Luke draws attention to the “purpose” of Jesus.  Luke records Christ’s own words concerning his purpose, “for the son of Man has come to seek and to save that which was lost” (Luke 19:9).  This is only reasonable since Luke’s work is continued in the book of Acts, the book above all that sets forth clearly the gospel plan of salvation.  The position and power of Jesus makes this wonderful purpose possible.  Isn’t it likely that on many an occasion Luke the physician (Colossians 4:14) marveled at the “surgical ability” of Jesus that could remove a man’s sin?

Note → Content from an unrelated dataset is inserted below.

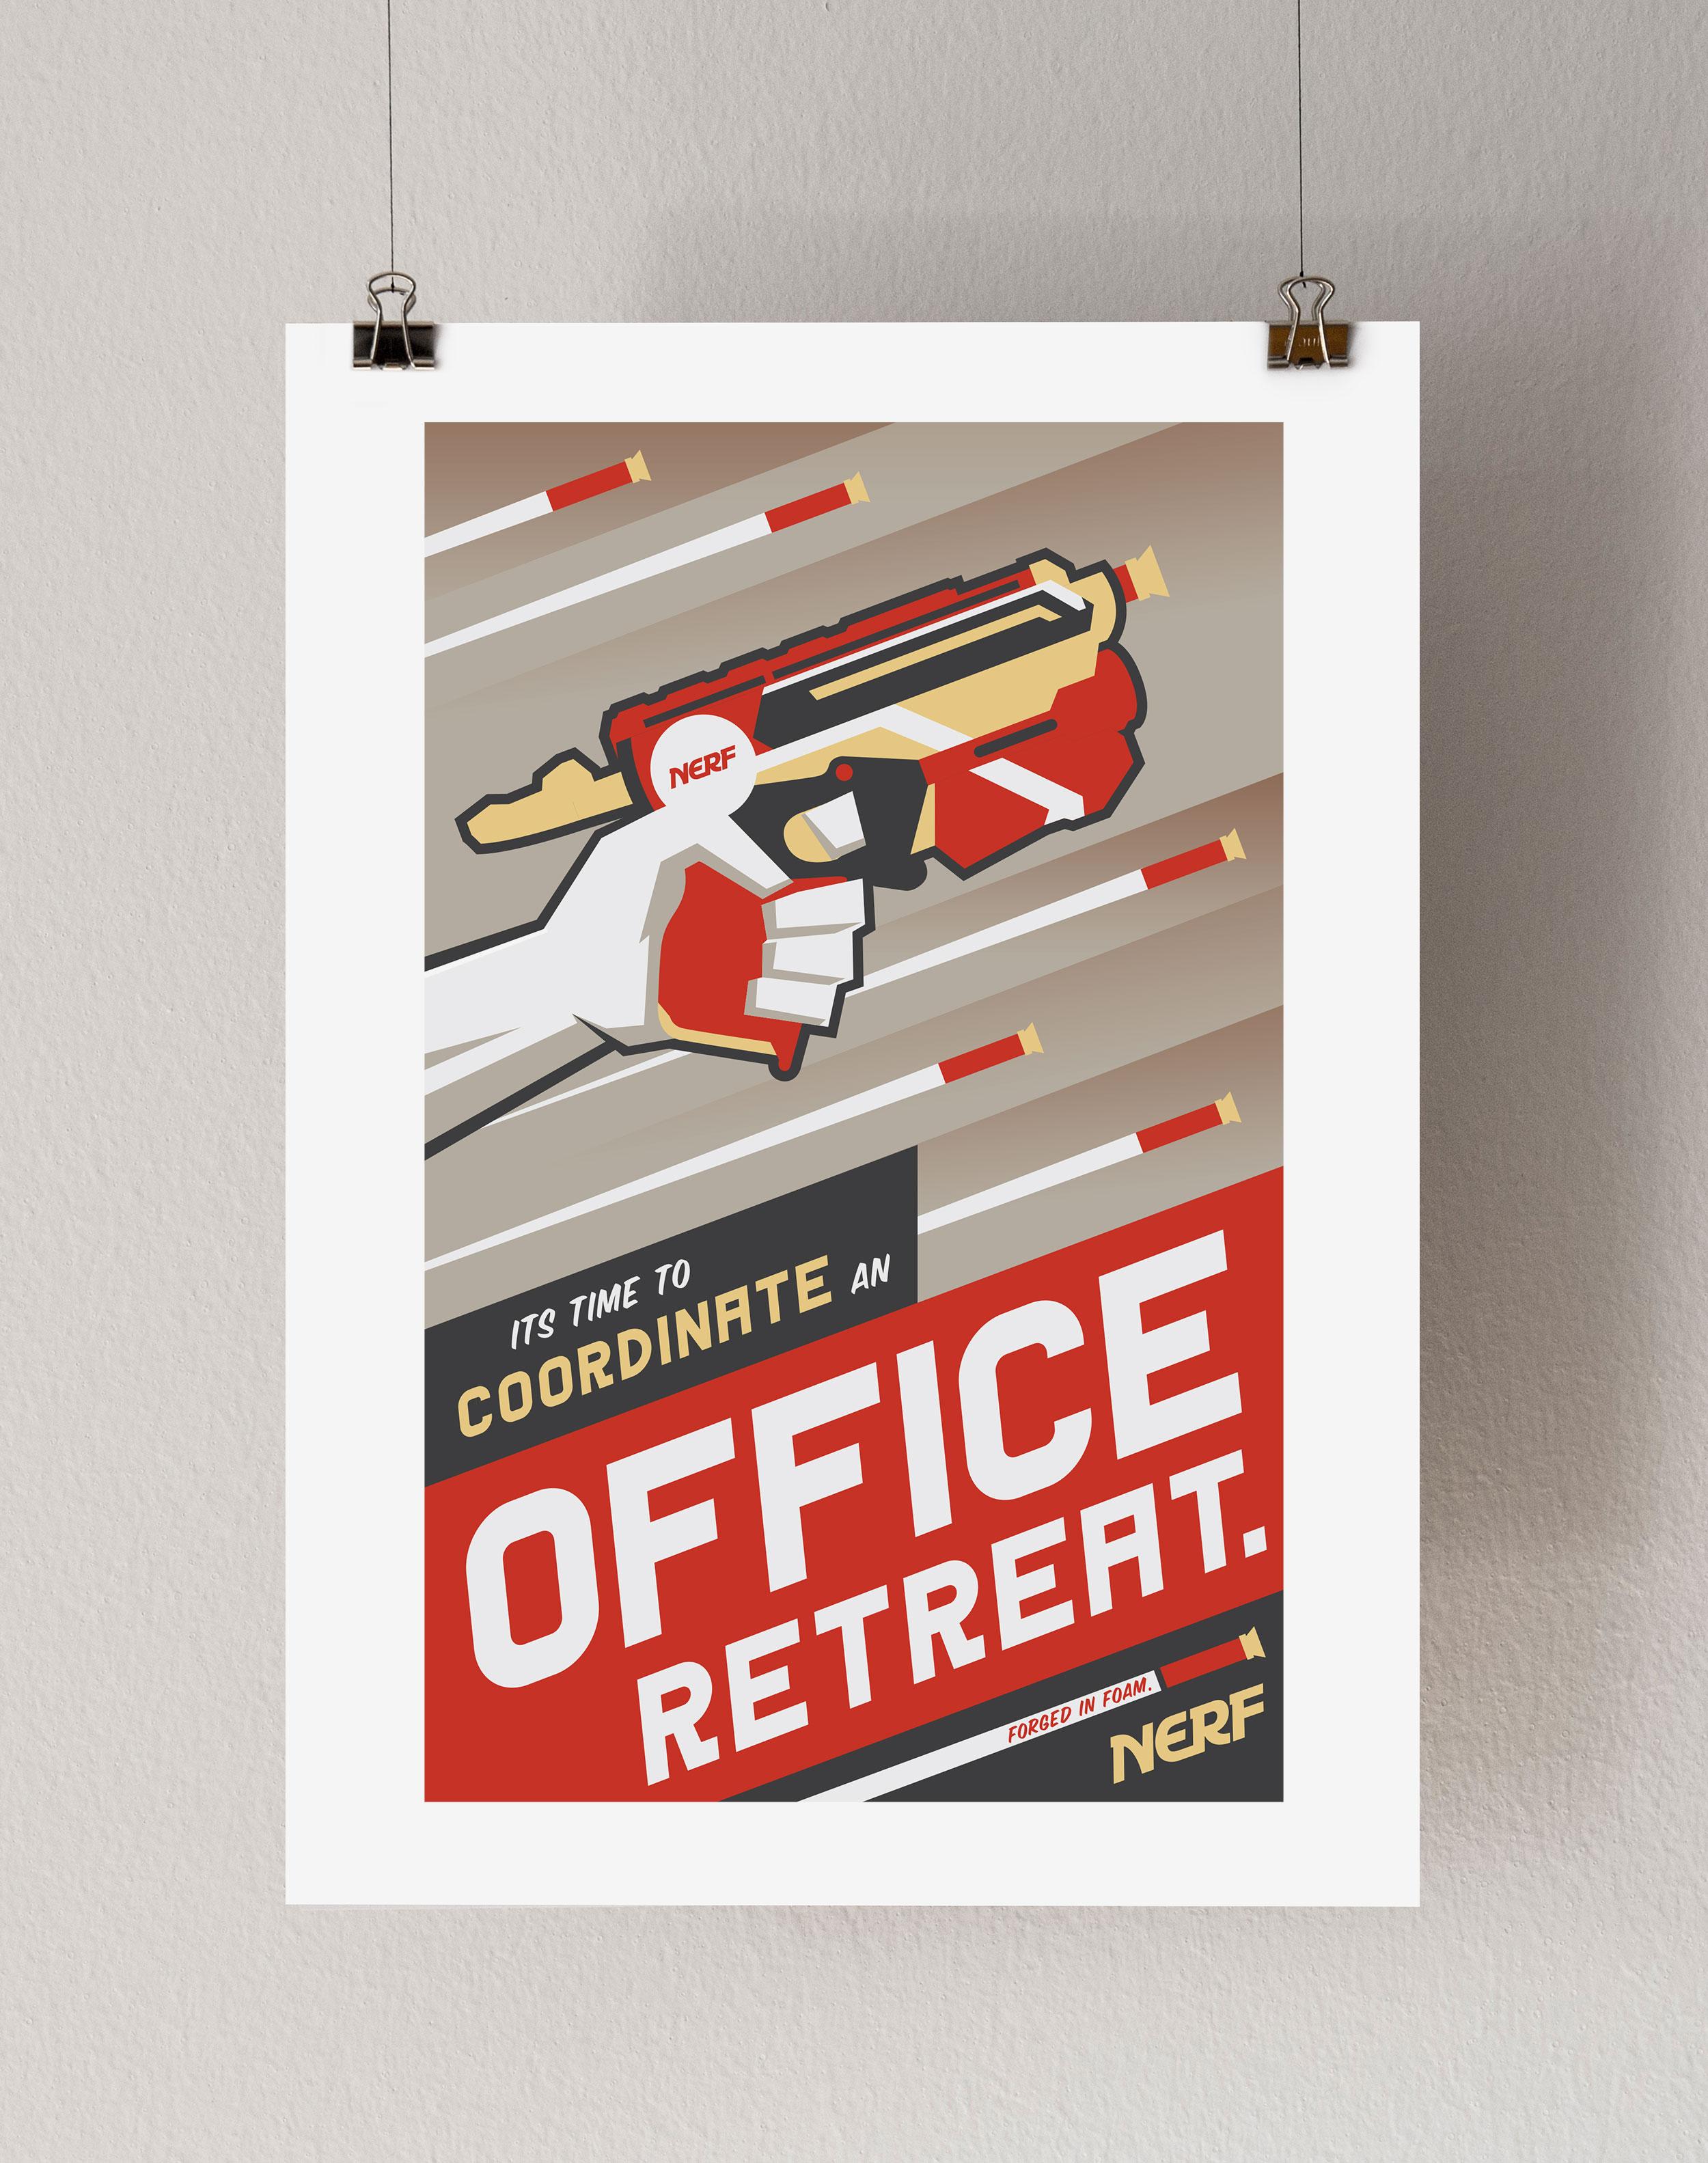 Illustrations_Posters_mockup_nerf2.jpg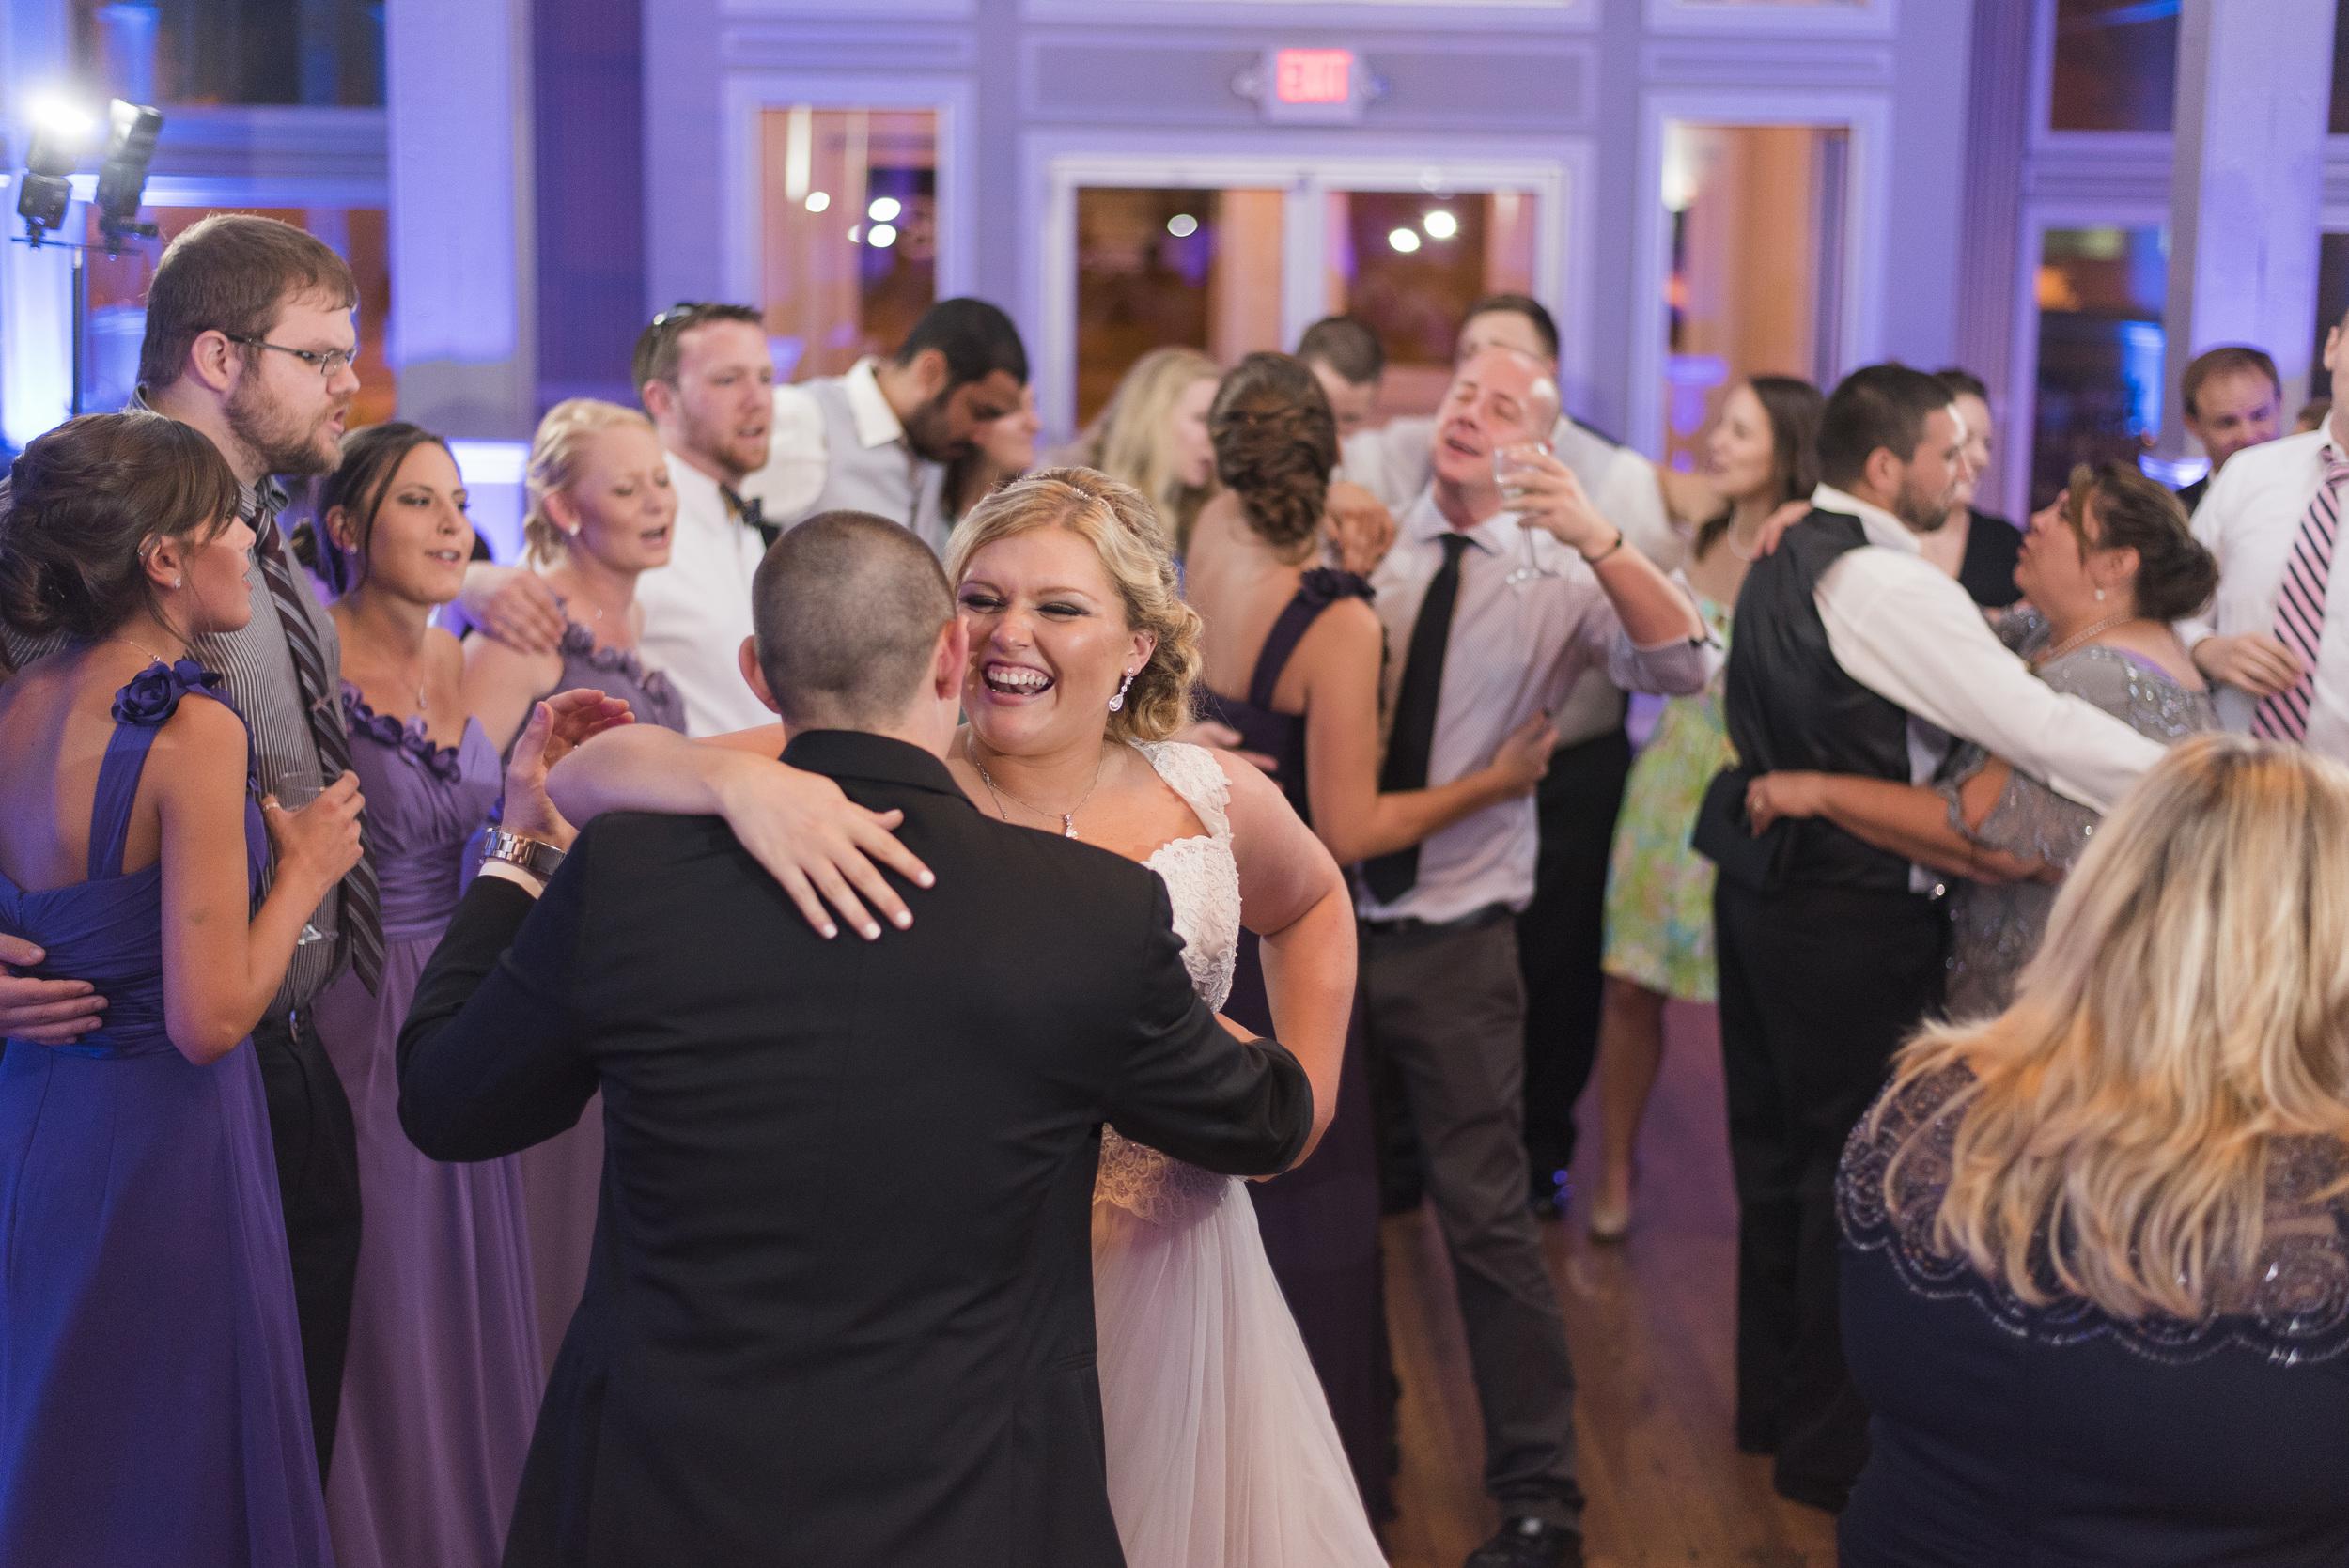 Lynchburg_VA_Wedding_Tresca on 8th_Downtown_Purple_elegant_Photos931.jpg

The last of the four, John, boldly sets forth the “person” of Jesus.  Most of all, we see Jesus held up as God’s son.  John himself declared that this was his purpose in writing, “that you may believe that Jesus is the Christ, the son of God; and that believing you may have life in his name” (John 20:31).  However, in this same book, we see Jesus as a man.  He was “the word” that “became flesh” (John 1:14).  As a man, he knew what it meant to be tired (John 4:6), sad (John 11:35) or thirsty (John 19:28).  Jesus, though in every way like us in nature, was also an incarnation of God in the flesh.

The first four books of the New Testament declare the position, power, purpose, and person of Jesus Christ.  It is now up to us to allow Jesus to hold the supreme position in our life.  Let us rest confident in his power to save us, his great purpose.  Since he is God’s son, we know that he can and that he knows our needs, and those first hand.  Praise God for th epositioni, power, purpose, and person of Jesus Christ.